In the 1980s, spearheaded by Channel 4, British TV stopped telling Black and Asian people how to assimilate and gave them a voice. A golden age of dissent, activism and culture ensued – but have we since gone backwards?
O
ne afternoon in 1984, Farrukh Dhondy went for lunch, not realising he was about to become part of British television history. The Indian-born writer was working for Channel 4 at the time on breakout multi-ethnic shows such as No Problem!, a sitcom about a family of Jamaican heritage in London, and Tandoori Nights, a comedy about an Indian restaurant. When Dhondy arrived at the Ivy, Jeremy Isaacs, the burgeoning broadcaster’s founding chief executive, ordered an £84 bottle of wine.
“I thought, ‘What the hell is this all about?’” Dhondy says. It turned out Isaacs wanted him to be the next commissioning editor for Channel 4. “For God’s sake, I’m not an office job man,” he said. “I’m a writer.” But after a brief conversation with the Trinidadian activist-scholar CLR James, who was living with him while going through a divorce, Dhondy changed his mind.

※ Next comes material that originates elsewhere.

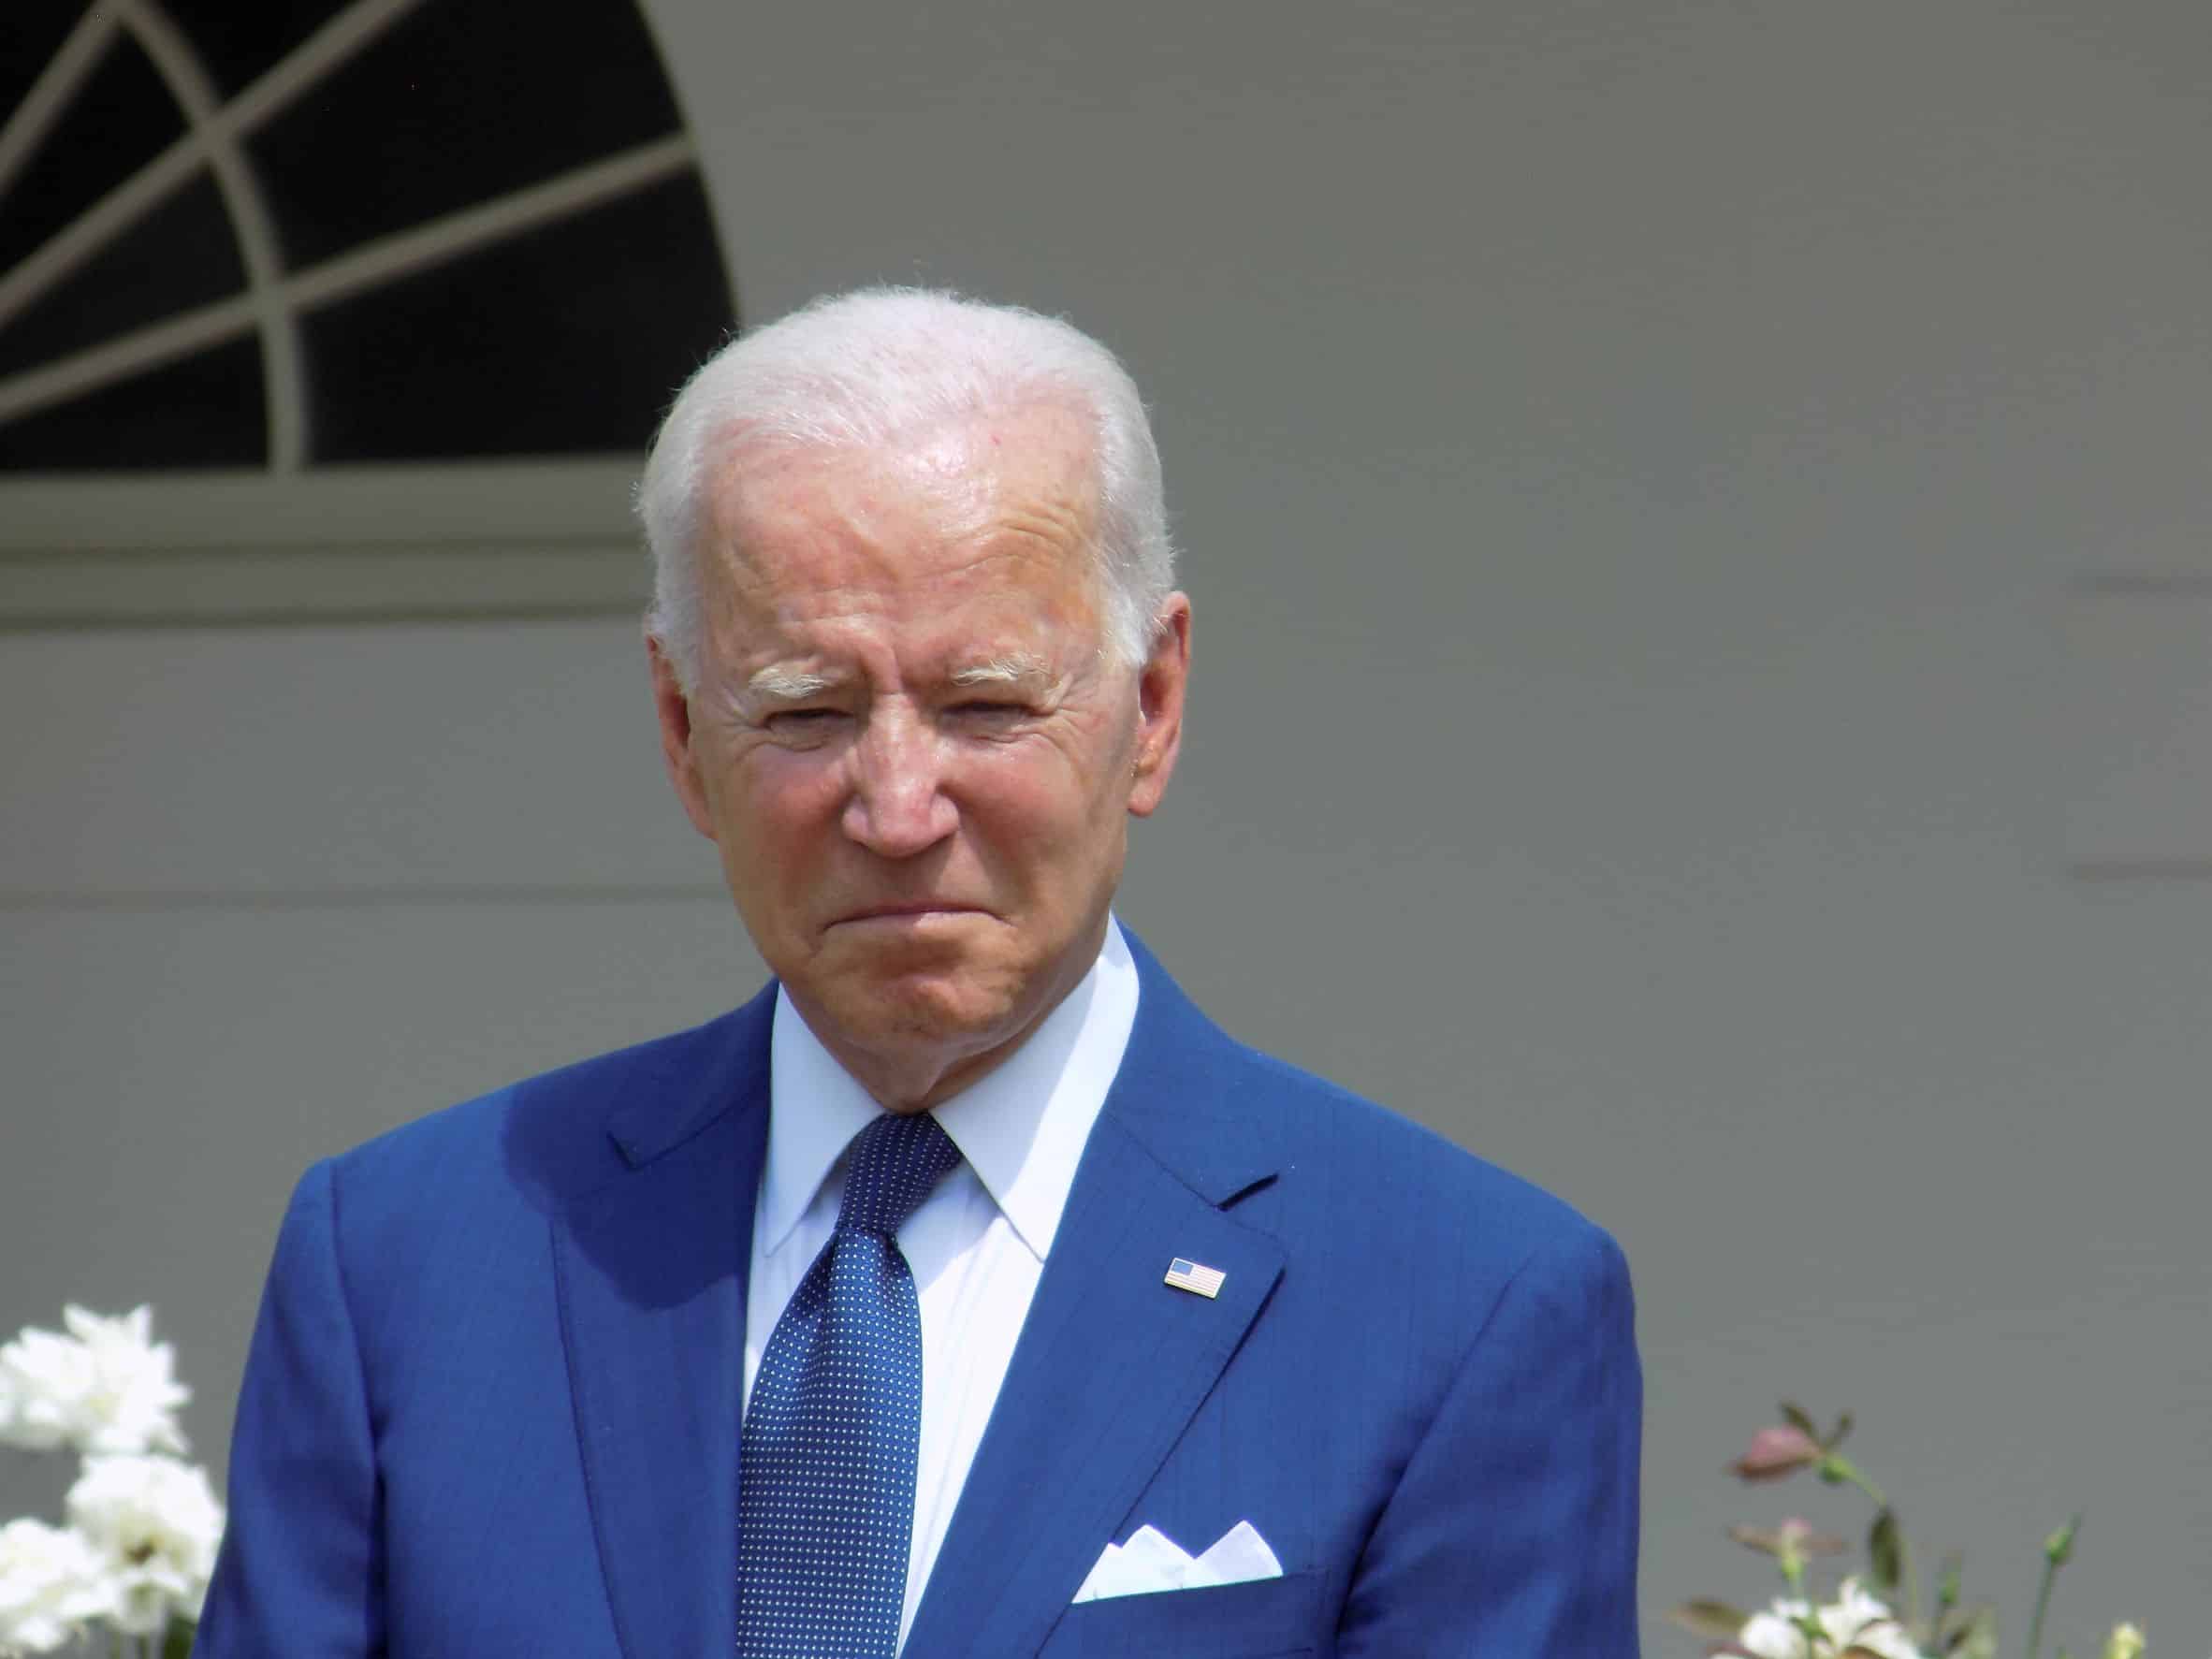 Biden Officials Give Assurances U.S. Has Strong Mideast Influence

For the next 13 years, he was part of a radical wave of British TV that funded and supported ethnic minority storytelling in a way that hadn’t been seen before – or since. A new season at the British Film Institute in London, called Constructed, Told, Spoken, will explore this “counter-history”, screening archival episodes that tell the forgotten story of British multi-ethnic programming.